[libc-commits] [libc] [libc] NVPTX Profiling Draft (PR #92009)

Joseph Huber via libc-commits libc-commits at lists.llvm.org
Tue May 14 08:58:58 PDT 2024


================
@@ -0,0 +1,108 @@
+//===------------- NVPTX implementation of timing utils ---------*- C++ -*-===//
+//
+// Part of the LLVM Project, under the Apache License v2.0 with LLVM Exceptions.
+// See https://llvm.org/LICENSE.txt for license information.
+// SPDX-License-Identifier: Apache-2.0 WITH LLVM-exception
+//
+//===----------------------------------------------------------------------===//
+
+#ifndef LLVM_LIBC_UTILS_GPU_TIMING_NVPTX
+#define LLVM_LIBC_UTILS_GPU_TIMING_NVPTX
+
+#include "src/__support/GPU/utils.h"
+#include "src/__support/common.h"
+#include "src/__support/macros/attributes.h"

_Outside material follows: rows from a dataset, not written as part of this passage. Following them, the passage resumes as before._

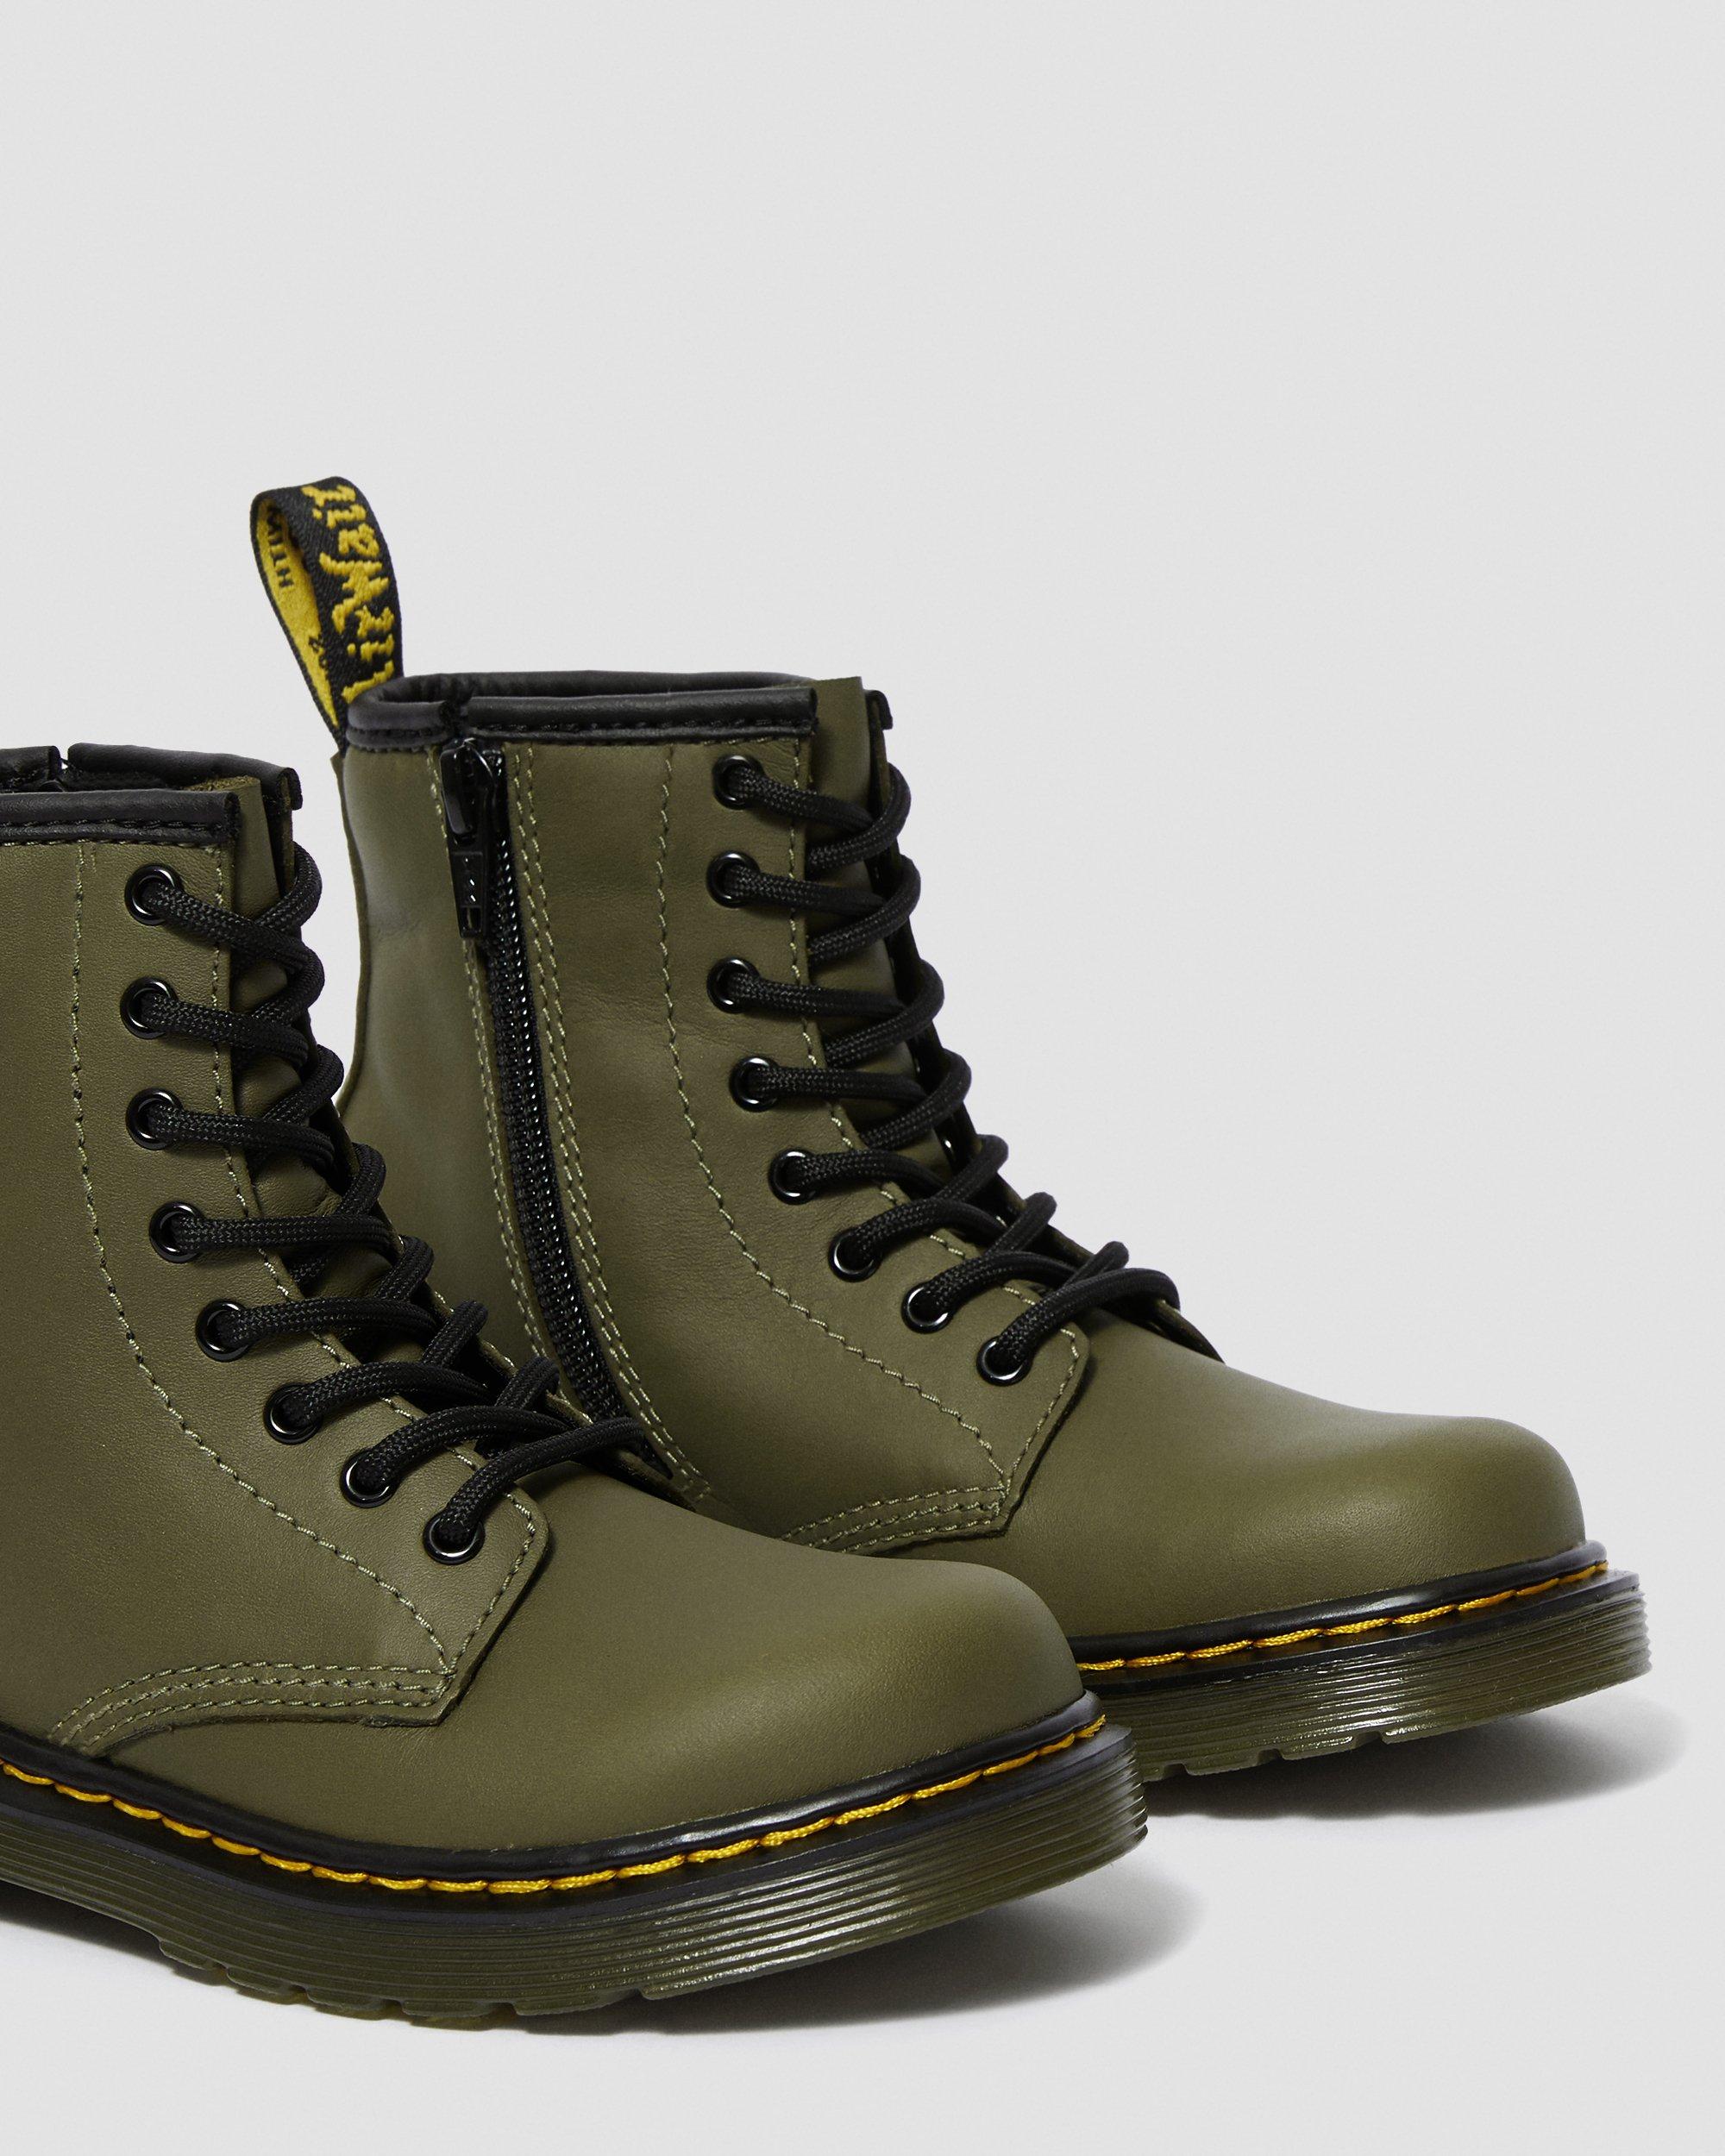 Martens | Olive Boots Lace 1460 Junior Up Dr. in Leather
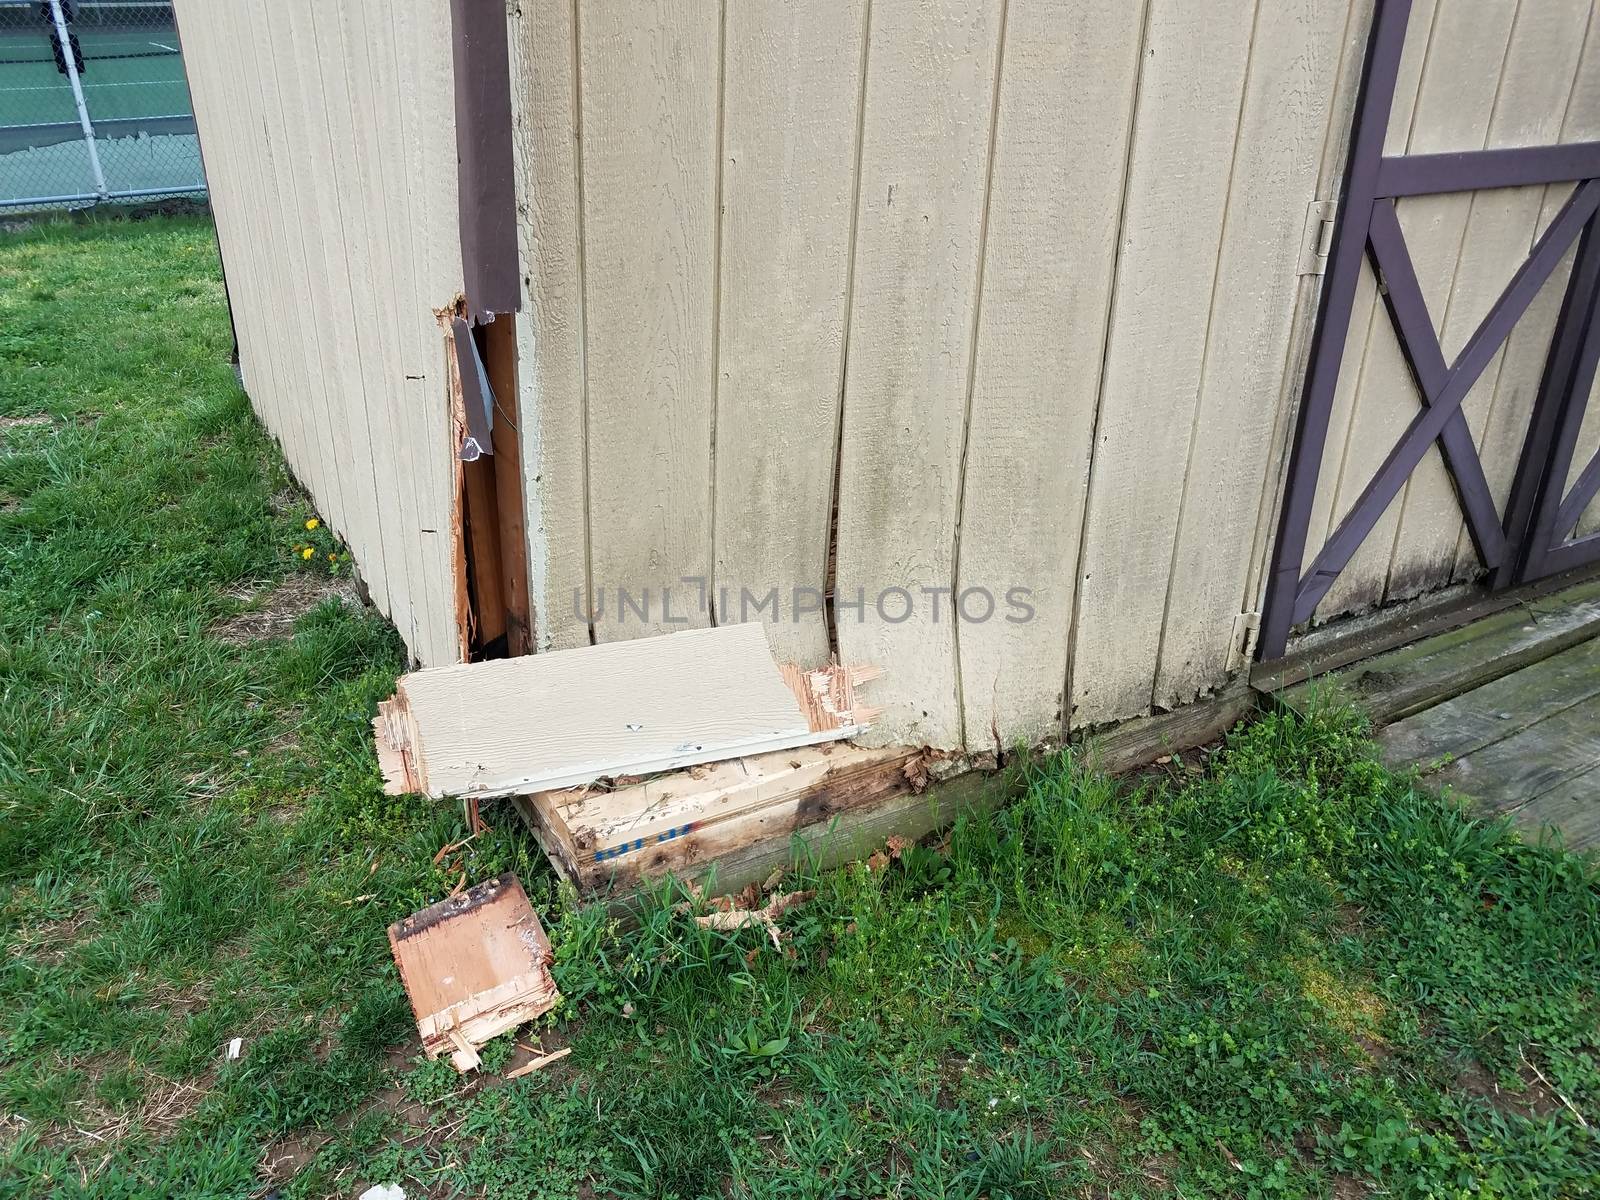 broken wood storage shed or building or structure with damage
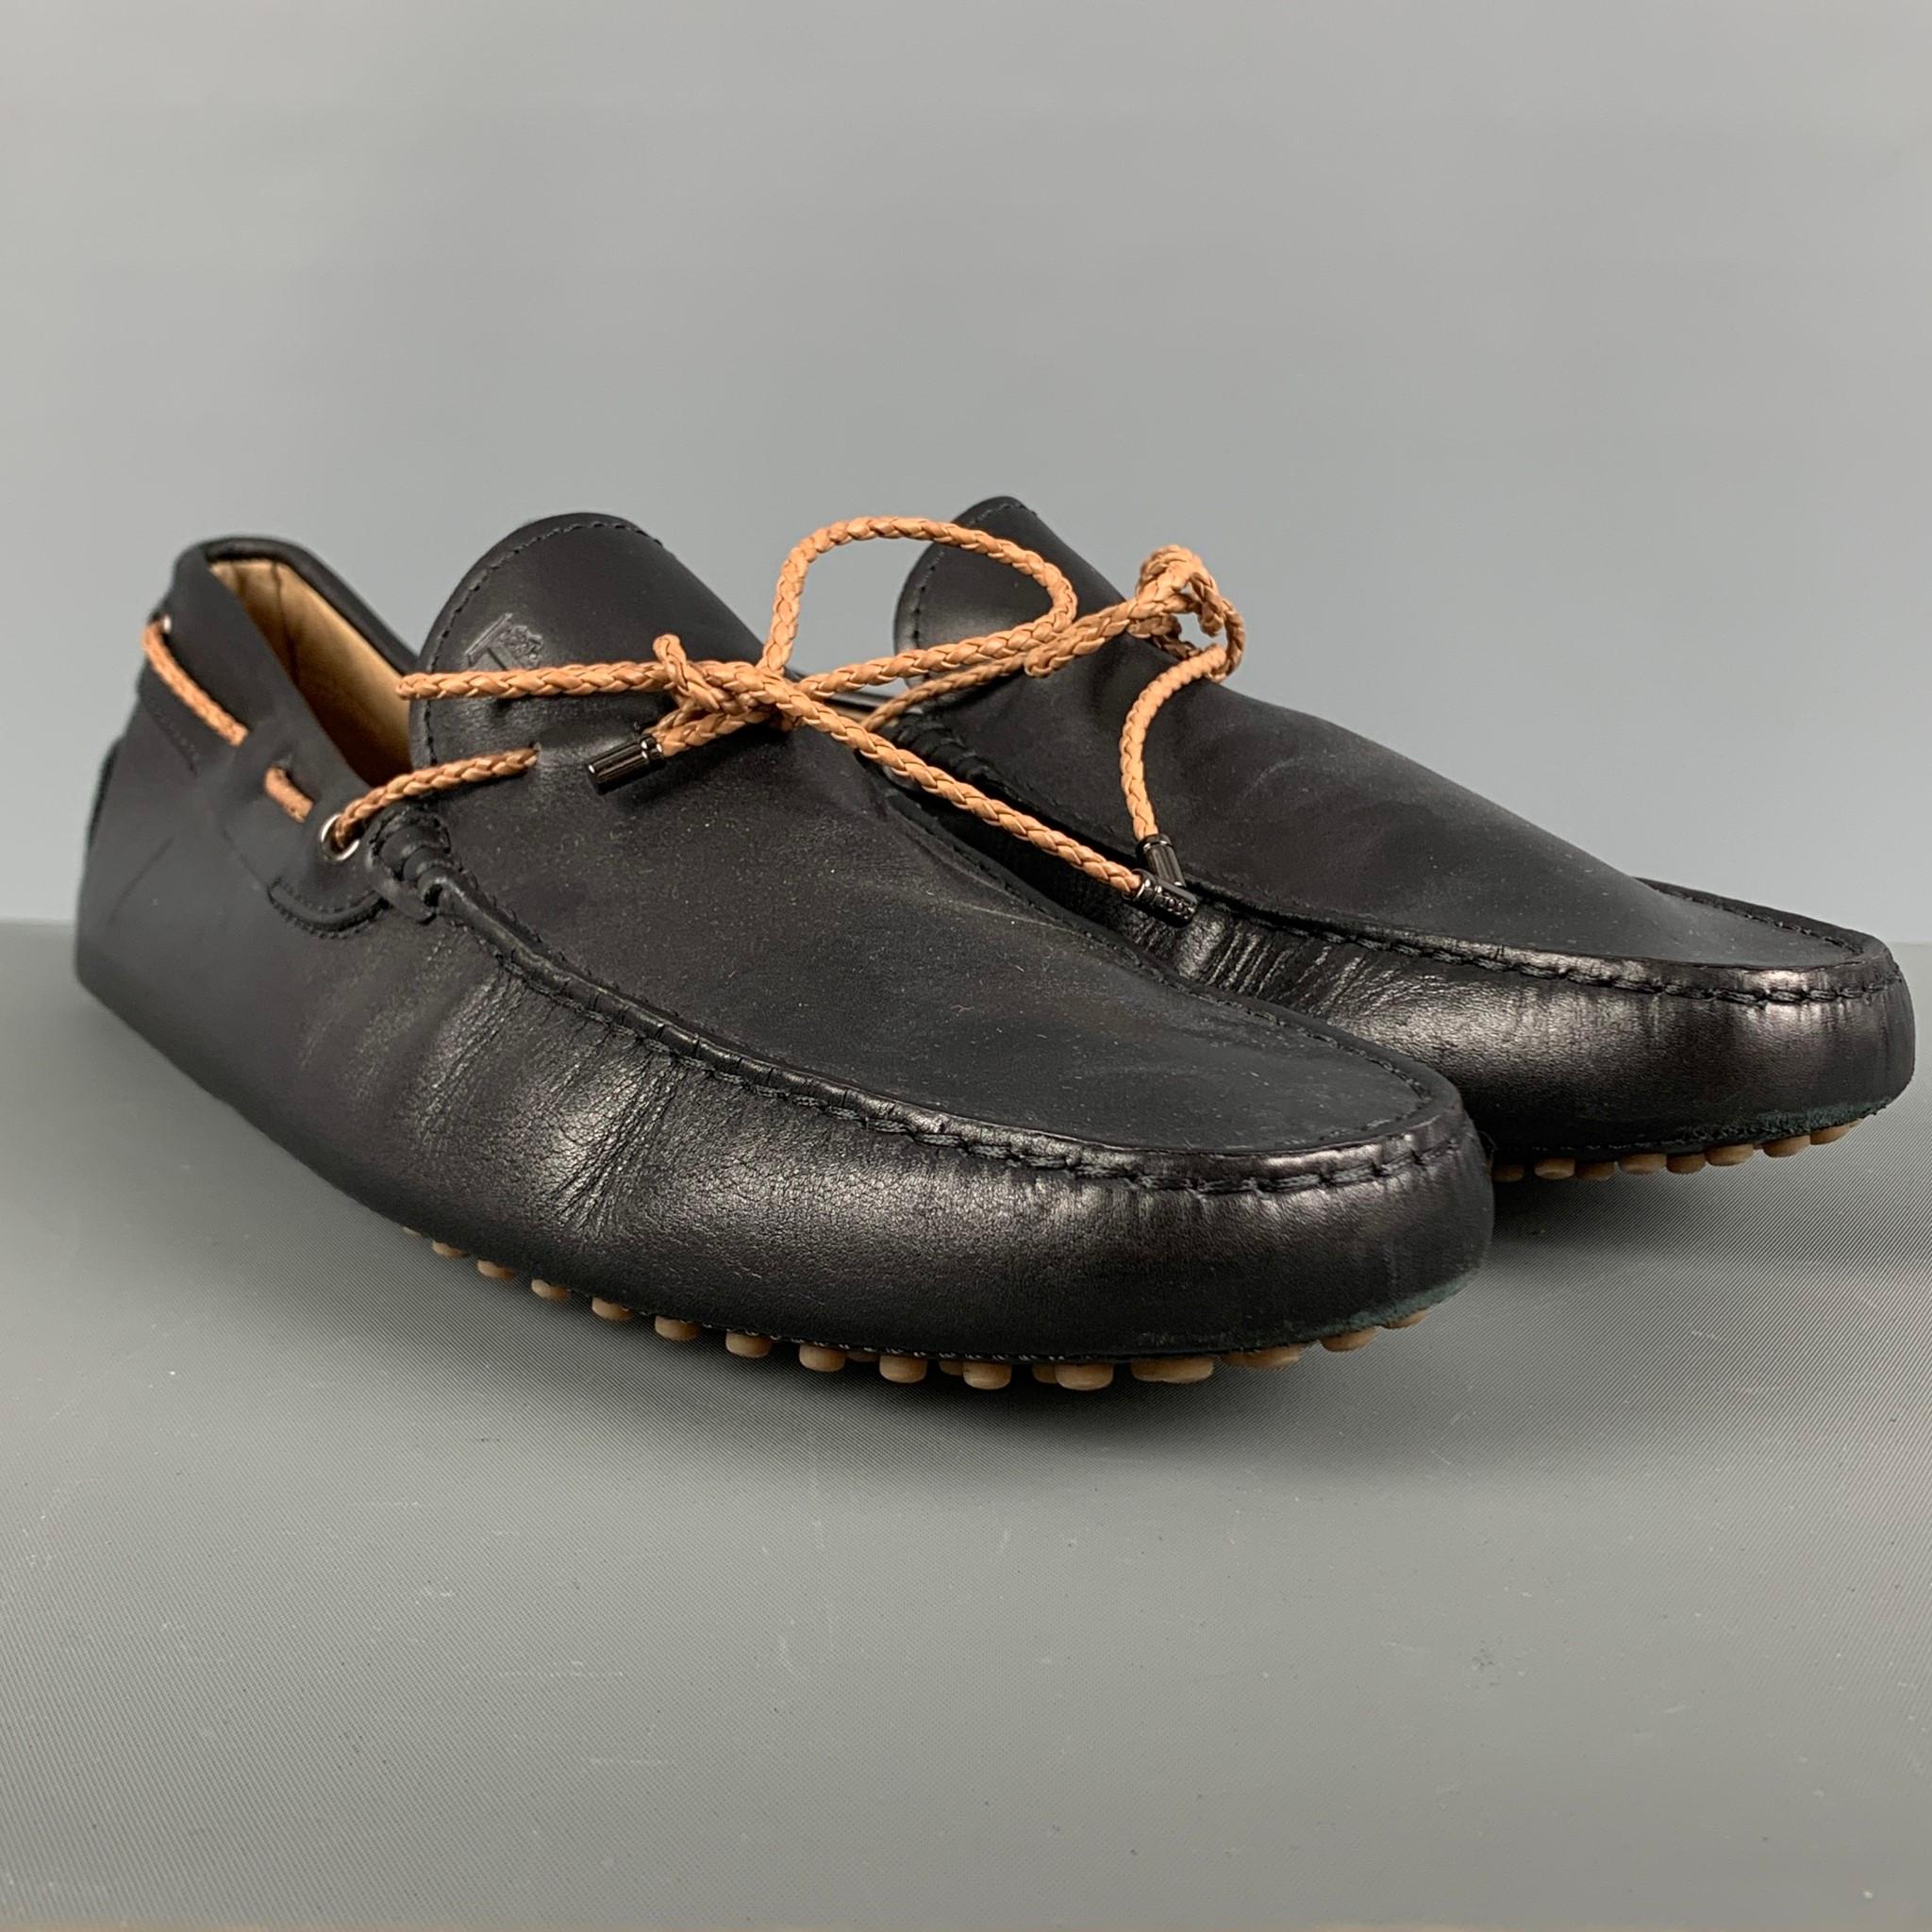 TOD'S loafers comes in a black leather featuring a brown leather ties, driving style, rubber dotted sole, and slip on. Made in Italy.

Excellent Pre-Owned Condition.
Marked: 10

Outsole: 12 in. x 4.25 in.  

 

 

SKU: 125043
Category: Loafers

More

+#include "src/__support/macros/config.h"
+
+#include <stdint.h>
+
+namespace LIBC_NAMESPACE {
+
+// Returns the overhead associated with calling the profiling region. This
+// allows us to substract the constant-time overhead from the latency to
+// obtain a true result. This can vary with system load.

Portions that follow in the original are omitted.